Given that Indigenous and racialized people are more likely to have been criminalized previously or living under conditions that are flagged as making them more “risky” to release (like no stable housing or employment, family members who have been criminalized, or no consistent access to a phone), they are also more likely to be denied bail. If granted bail, they are released into the community under “conditions of release”—such as a curfew, abstinence from substance use, or no-contact orders with certain people—that subject them to regular intense police scrutiny. Indigenous people are more likely to receive more and more restrictive conditions of release and face an overall increased likelihood of being policed, breached, and remanded. Once they have breached their conditions of release, that breach becomes another criminal charge on their rap sheet that then factors into future risk calculations. It is a vicious cycle that is very hard to break out of, even for people with community resources and support.
Contrary to conservative claims, the bail system in Canada is very harsh, with “reverse onus” already required for many serious charges. In Manitoba, roughly 75 percent of adults in custody are on remand. Remand, like sentenced custody, is often fatal, with many people dying while awaiting trial (including five people in the Winnipeg Remand Centre in 2016 alone). As the University of Ottawa Prison Law Practicum recently put it: “If the government is concerned about reducing violence and death, it should be looking at how to release prisoners, not how to create more of them.”

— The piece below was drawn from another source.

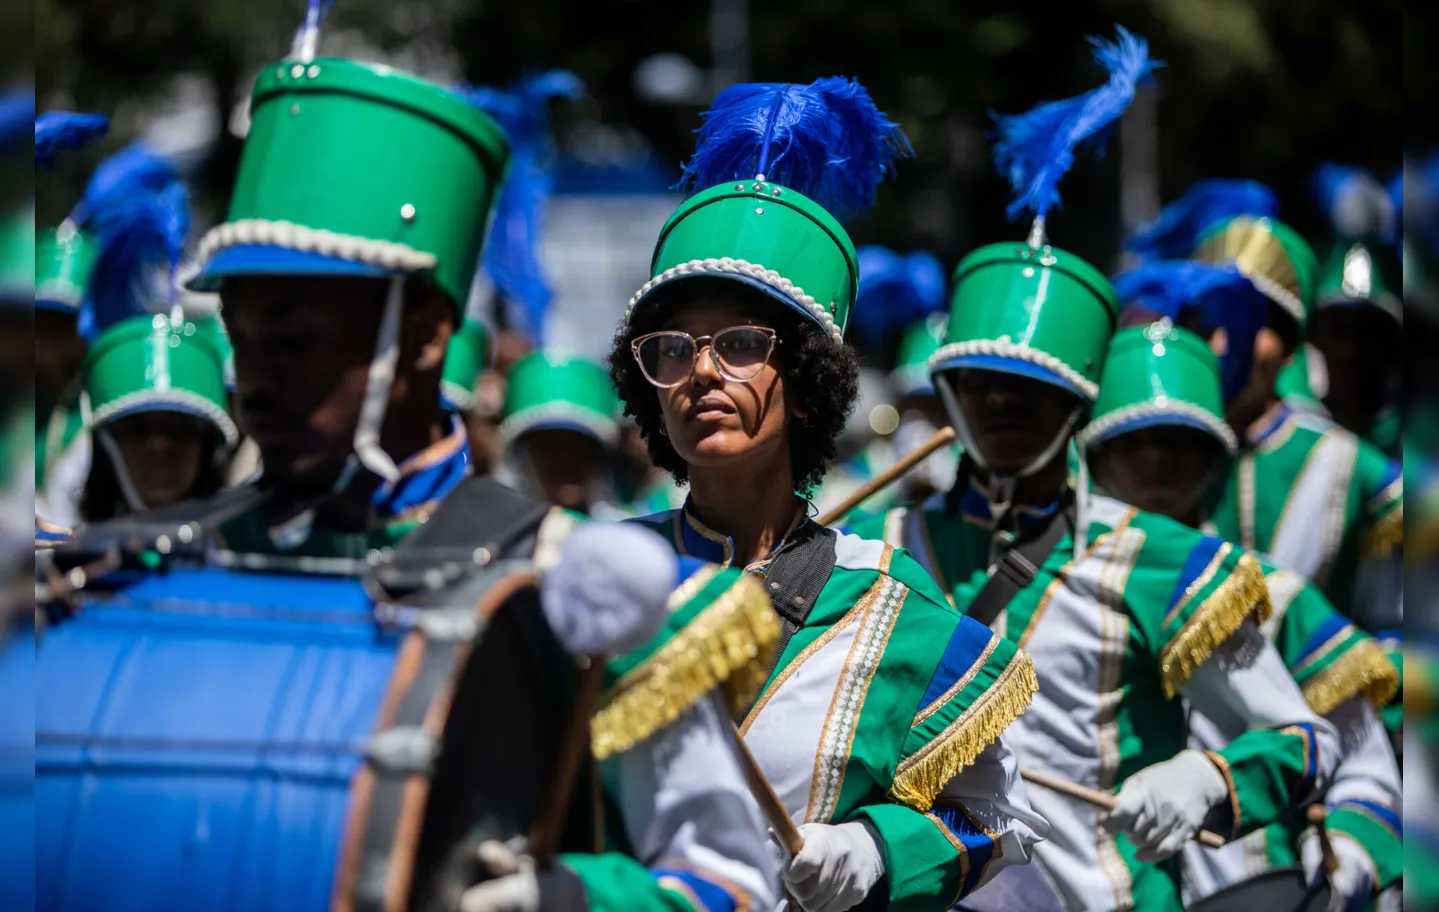 Devido à mudança de governo, há expectativa de maior participação popular no desfile do 7 de setembro

There is no basis for claiming increased safety due to harsher bail practices. Most recent high-profile violence has not involved people on bail. Further, a 2013 study found that only 18 percent of people on bail violated terms of their release, with 98 percent of those violations being “administration of justice offences” such as breaches of release conditions or failing to attend court.
The NDP’s commitment to implementing National Police Federation recommendations on provincial bail measures, as well as joining the likes of Stefanson and Smyth in demanding federal tightening of policies, will lead to a significant intensification of policing in Indigenous communities, and a likely spike in the overall jail population. In this way, the provincial NDP’s crime strategy is at least internally aligned: their investments in policing will in fact require more investments in jail capacity, both of which they have committed to. This policy is wholly concerned with punitive surveillance of criminalized people, rather than implementing supportive community infrastructure that could set them up for future success instead of future repeat criminalization.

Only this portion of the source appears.